Miré significativamente a Björn. Éste asintió y nos levantamos de la mesa para regresar al establo de las ovejas. Una vez allí, me cambié para ponerme mi gélida y grasienta ropa de esquilar y colgué mi máquina en un rincón mientras Björn encendía una lámpara de mercurio. No eran más que las dos y media pero el sol bajaba ya rápidamente. Las cochambrosas ovejas negras rumiaban insolentemente a nuestro alrededor, y cuando la lámpara de mercurio alcanzó su máxima potencia me hallé de pronto en el centro de un foco bañado por una luz azulada, semejante a un actor en una obra de teatro alternativo. Björn desapareció en la oscuridad y regresó con una oveja, el primer cliente del día, con lo que le di un tirón al cordón de arranque.

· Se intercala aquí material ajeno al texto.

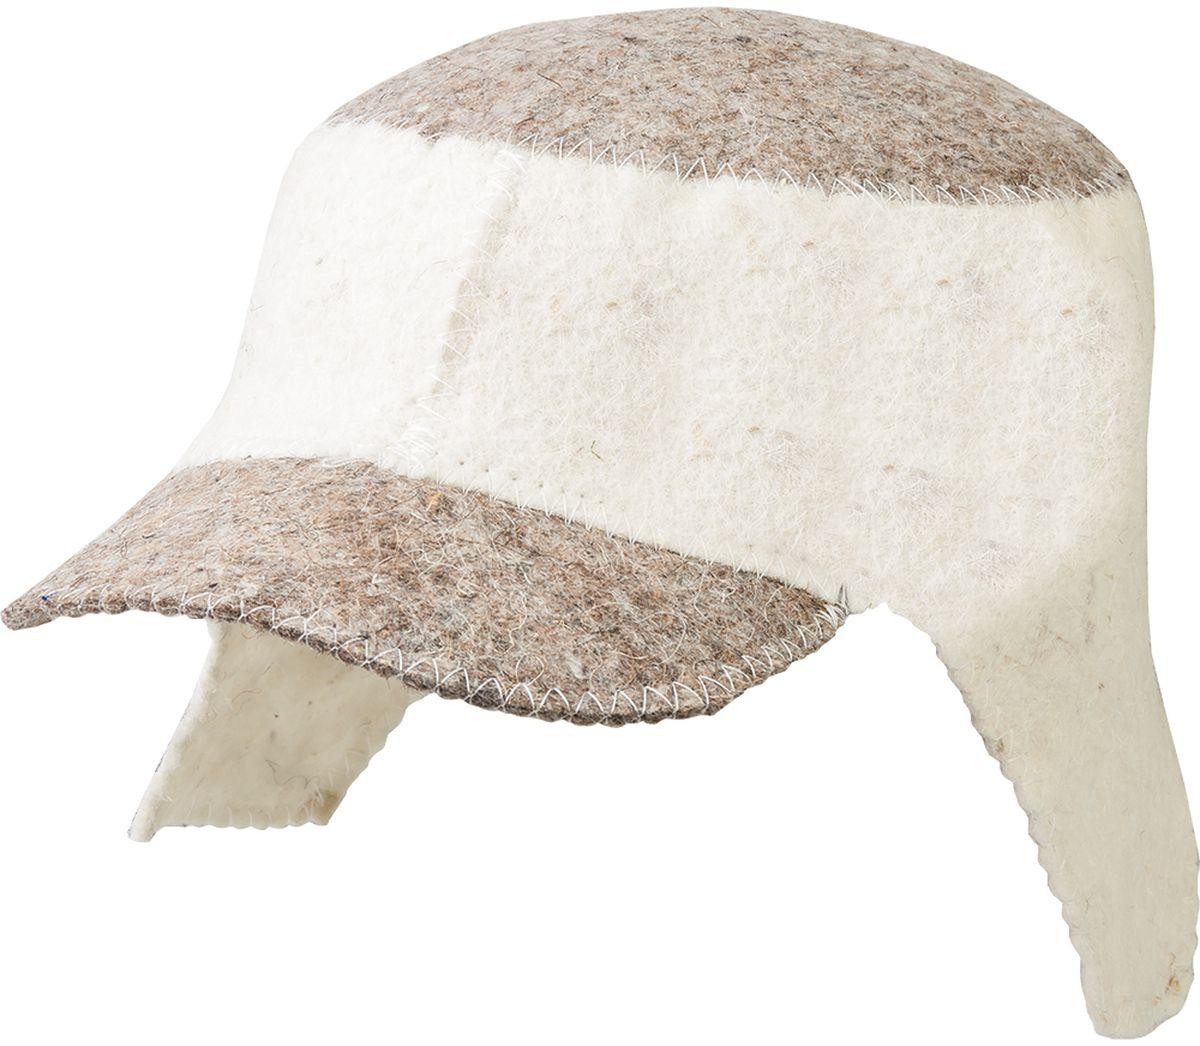 Шапка для бани и сауны Hot Pot Кепка Комби41186Шапка для бани и сауны Hot Pot — это необходимый аксессуар при посещении парной. Такая шапка защитит от головокружения и перегрева головы, а также предотвратит ломкость и сухость волос. Изделие замечательно впитывает влагу, хорошо сидит на голове, обеспечивает комфорт и удовольствие от отдыха в парилке. Незаменима в традиционной русской бане, также используется в финских саунах, где температура сухого воздуха может достигать 100°С. Шапка выполнена в оригинальном дизайне.

Cuando se esquila una oveja, con el primer movimiento la esquiladora se desliza desde el pecho a la barriga -o al menos así debería ocurrir. Pero la máquina se atascó casi inmediatamente en una maraña de lana apelmazada. Empujé con un poco más de fuerza, saqué el peine y probé de nuevo desde otro ángulo, pero daba lo mismo: por más que empujaba, tiraba de uno y otro lado y me esforzaba, esa primera porción de lana del día se negaba a separarse de la piel. O Björn me había elegido la peor oveja del rebaño, o me esperaba un auténtico suplicio durante una temporada.

La oveja era una auténtica calamidad, pero finalmente conseguí quitarle la mayor parte de la lana a fuerza de empujones y codazos, y de darles tirones con la mano sin piedad a los mechones más reacios. Cuando al fin regresó a la oscuridad, su aspecto era lamentable.

– Lo siento, Björn -dije jadeante-. Está hecha un espantajo, pero me ha llevado casi quince minutos esquilar una maldita oveja. Si hay tantas como dices que hay vamos a pasarnos aquí toda la semana, y ¡menuda semanita va a ser!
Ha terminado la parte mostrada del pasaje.